Smart City is an Internet and telecommunications provider that offers Wi-Fi services to exhibitors and visitors at convention centers and large events. The FCC initiated an investigation in late June 2014 after receiving an informal complaint from a Smart City competitor – a company providing equipment that permits users to establish hotspots as an alternative to venue-based broadband providers. The FCC’s investigation revealed that Smart City automatically sent deauthentication information to prevent Wi-Fi users’ devices seeking to utilize hotspots independent of Smart City’s network, finding this to be a violation of Section 333 of the Communications Act. These blocking actions took place at several venues. Further, the FCC found no evidence that the actions were at all related to network security or other reasonable network management practices, which potentially would have justified them.

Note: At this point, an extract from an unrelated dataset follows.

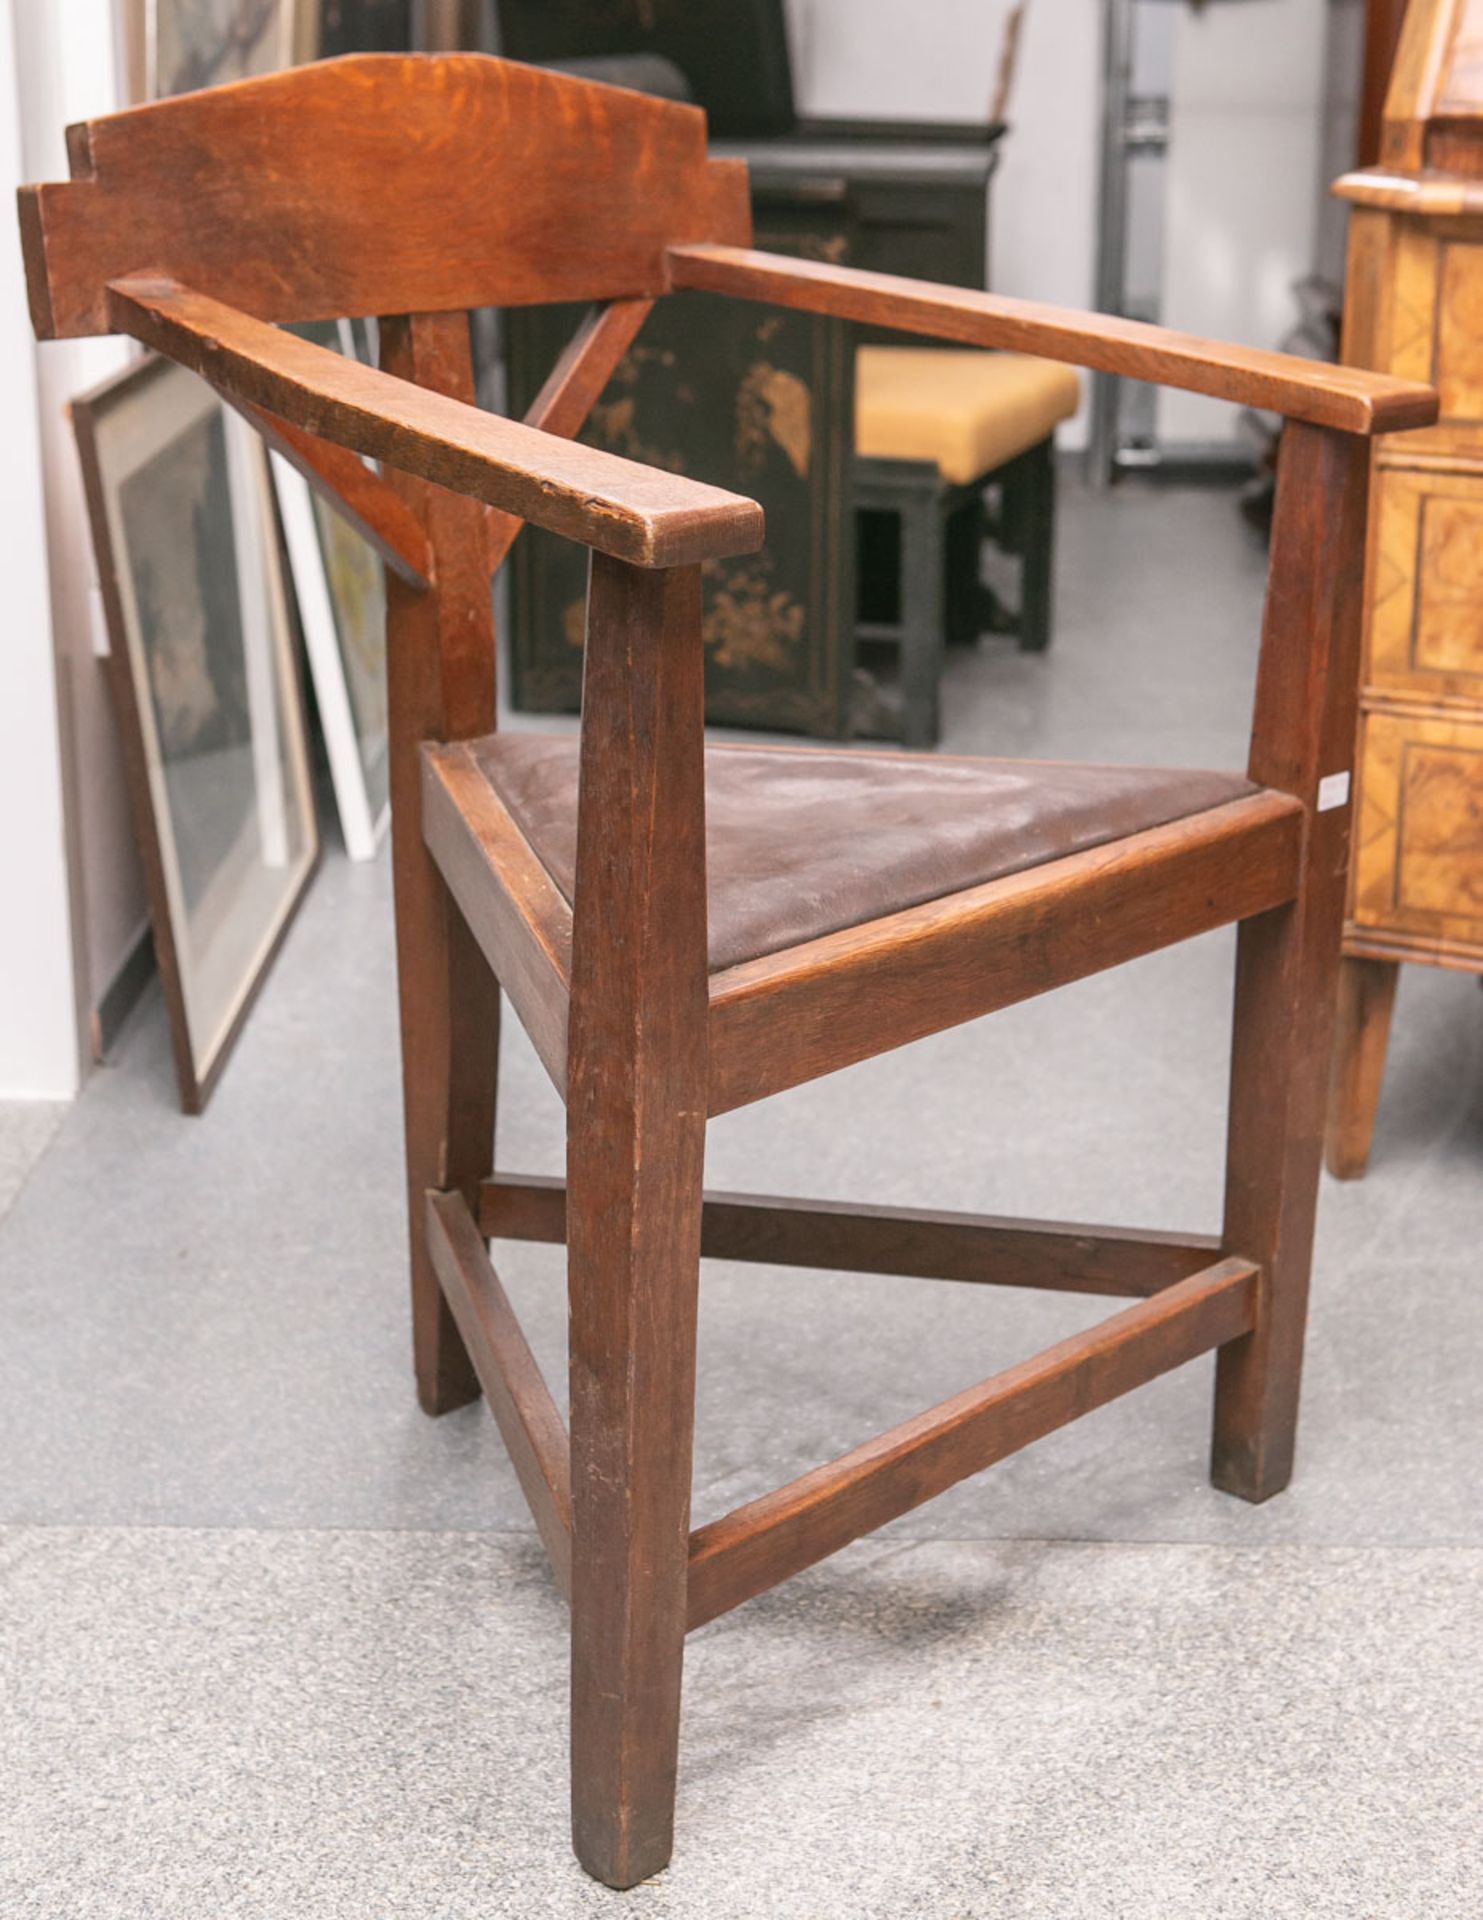 Alter Stuhl (wohl Hessen), Eichenholz, Dreieckform, ca. 86 x 61 x 52 cm, Sitzhöhe ca. 45,5 cm.

This recent action is further proof that Wi-Fi blocking remains an enforcement focus for the FCC. Smart City’s consent decree provisions track closely to those imposed against Marriott late last year: penalty in excess of half-a-million dollars, 3-year compliance plan, admission of liability, and the immediate cessation of all Wi-Fi blocking activities. The FCC used the occasion to remind the public of its January 2015 Enforcement Advisory putting companies on notice that Wi-Fi blocking, like blocking of any authorized wireless communication, is a violation of the Communications Act. In the news release for the Smart City settlement, Enforcement Bureau Chief, Travis LeBlanc, issued a warning to all persons and companies using technologies to block Wi-Fi connections that such actions “are patently unlawful.” It will be interesting to monitor this space to determine whether the Commission has related enforcement actions in the pipeline, given that less than a year has passed since the Marriott consent decree was issued.